Meetings can be a big part of success at a practice if done right. Here are some tips on holding a productive meeting at your practice.
I try not to revisit topics in this blog, but since I've been writing for a number of years on work-life balance, some topics are bound to come up time after time. After a recent medical directors' meeting, I was trying to get some ideas about how to run a productive physician meeting and searched the internet. Google produced a hit for an article titled "Productive Physician Meetings." Perfect, I thought. I clicked on the link only to be taken to a blog I wrote two years ago.
I joked to myself that the author probably had no idea what she was talking about. As I skimmed the article, I glanced at the comments on the bottom. One comment accused me of wasting the reader's time because I did not actually speak about productive meetings, just ranted about before-work and after-work meetings. It is a fair criticism.

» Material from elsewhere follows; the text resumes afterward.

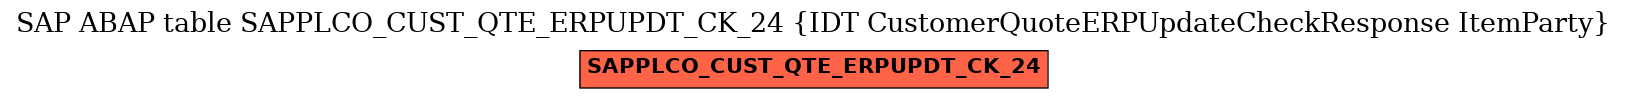 E-R Diagram for table SAPPLCO_CUST_QTE_ERPUPDT_CK_24 (IDT CustomerQuoteERPUpdateCheckResponse ItemParty)

In the past two years, I've made an ardent study of meeting structure, philosophy, and purpose. Our organization has similarly moved to improve the meeting culture that we, like many organizations, have fallen victim to. As I've become a little more experienced and more knowledgeable, I wanted to update my previous blog with some tips that, hopefully, are helpful to my readers. I can hardly claim credit for these rules – they are the shared wisdom of many authors, experts, and colleagues. Without further ado,These are my accumulated rules for productive physician meetings:
1. Meetings must have a clear purpose, a desired outcome, and a detailed agenda. Meetings can be bad enough, but attending a meeting which clearly has not been well thought-out and is disorganized is more painful than a root canal, because at least you get anesthesia for a root canal. In our organization, we have permission to decline any meeting in which an agenda is not available.
2. Beware of Parkinson's law which states that meetings will expand to fill the time allotted to them. Meetings last the length of time they are given on the schedule. Not because of exceptionally careful planning but because meetings will expand to fill up every available minute, even if there is no reason to continue.
3. Your role at the meeting should be clear. If you do not need to prepare for the meeting, present at the meeting, render a decision, or do work that comes out of the meeting, you probably don't need to attend. Often physicians have a very specific role to play in an organization and they do not always need to attend every meeting. I've been successful in offering to provide information in advance of the meeting instead of attending or in attending only for the portion of the meeting relevant to me.
4. Do not use meeting time for information dissemination if it can be accomplished any other way. Meeting minutes are precious – do not waste them with information that can be disseminated via email, letter, or phone call. Meetings are for items that require face-to-face communication– discussion, decision, approval, etc.
5. And finally, do not be afraid to call a meeting. Email is no substitute for conversation and face-to-face discussion. When issues are complex or are associated with strong opinions, meetings are often the quickest and most effective way to reach consensus and understanding.
I hope that the hapless reader from two years ago is willing to give me a second chance and finds this information helpful. It is also a good reminder for myself on planning my next meeting.